The NNA said another Israeli attack targeting Adshit killed one person, who Hezbollah announced was one of its fighters, and wounded 10 others, destroying a building and causing significant damage nearby.

'Heavy price'

Israel's Magen David Adom emergency service had said seven people were wounded in fire from Lebanon, five of them in the town of Safed.

An AFP photographer saw medics and troops evacuating a wounded person by military helicopter from Safed's Ziv hospital.

Israeli army chief Herzi Halevi said after meeting commanders near the Lebanese border that Israel's "next campaign will be very much on the offensive, and we will use all the tools and all capabilities".

"We are intensifying the strikes all the time, and Hezbollah are paying an increasingly heavy price," he said in a statement.

Senior Hezbollah official Hashem Safieddine said Wednesday that "this aggression... will not go unanswered".

A day earlier, Hezbollah chief Hassan Nasrallah said that fire from southern Lebanon would end "when the attack on Gaza stops and there is a ceasefire" between the group's Palestinian allies Hamas and arch-foe Israel.

"If they (Israel) broaden the confrontation, we will do the same," Nasrallah warned.

Tens of thousands of people have been displaced on both sides of the border amid soaring regional tensions.

Fears have been growing of another full-blown conflict between Israel and Hezbollah, which last went to war in 2006.

'Diplomatic path'

The UN secretary-general's spokesman Stephane Dujarric warned "the recent escalation is dangerous indeed and should stop."

Peacekeepers from the United Nations mission in Lebanon had noticed "a concerning shift in the exchanges of fire between the Israeli armed forces and armed groups in Lebanon", he added.

The attacks included the "targeting of areas far from the Blue Line", he said, referring to the withdrawal line demarcated by the UN in 2000 after Israeli troops pulled out of southern Lebanon.

State Department spokesman Matthew Miller said Washington would continue to push for a "diplomatic path" to resolve the cross-border tensions.

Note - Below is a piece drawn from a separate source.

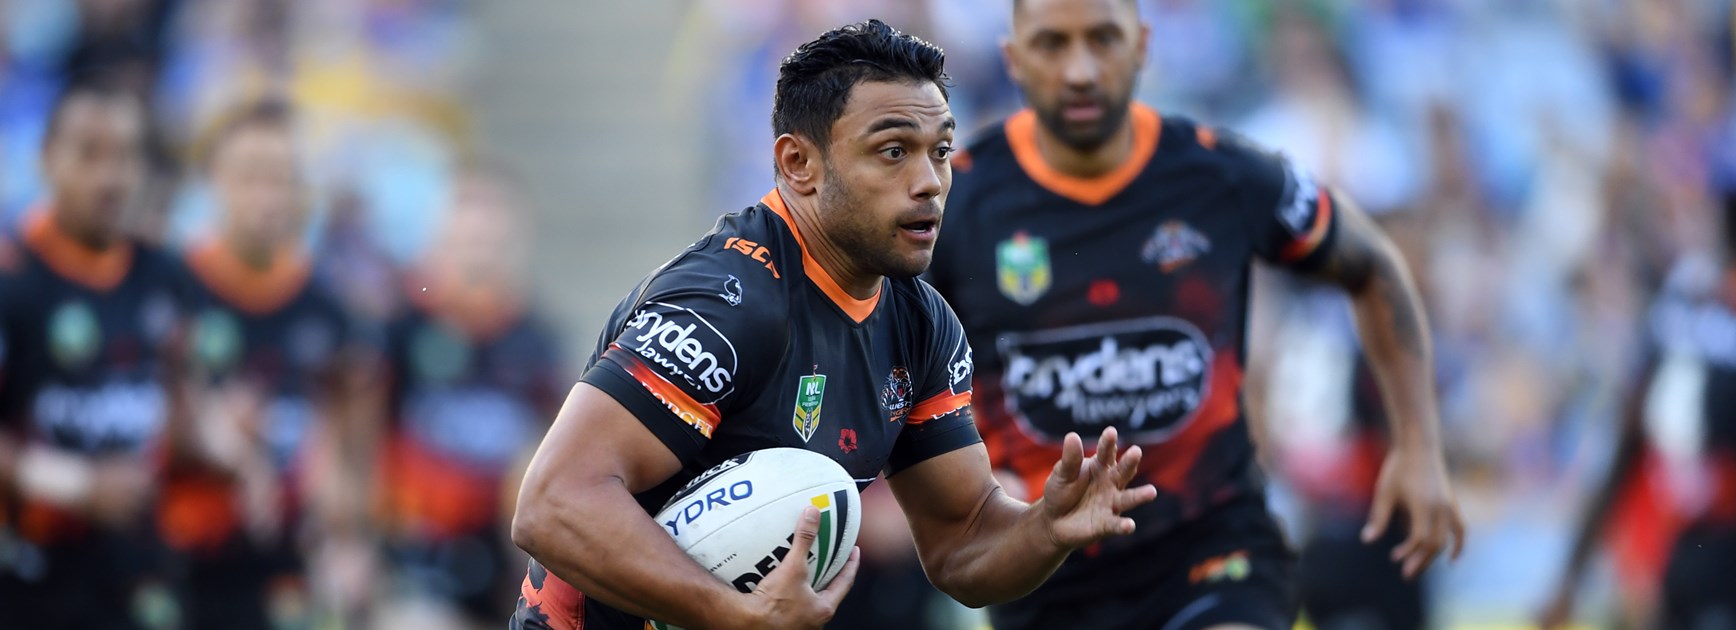 Wests Tigers Results: Round 8

"One of our primary objectives from the outset of this conflict is to see that it not be widened," he added.

US National Security Advisor Jake Sullivan said that "Hezbollah has been firing deeper and deeper into Israel," adding that the threat from the Iran-backed group had become "acute".

The cross-border violence has killed at least 248 people on the Lebanese side, most of them Hezbollah fighters but also including 33 civilians, according to an AFP tally.

On the Israeli side, 10 soldiers and six civilians have been killed, according to the Israeli army.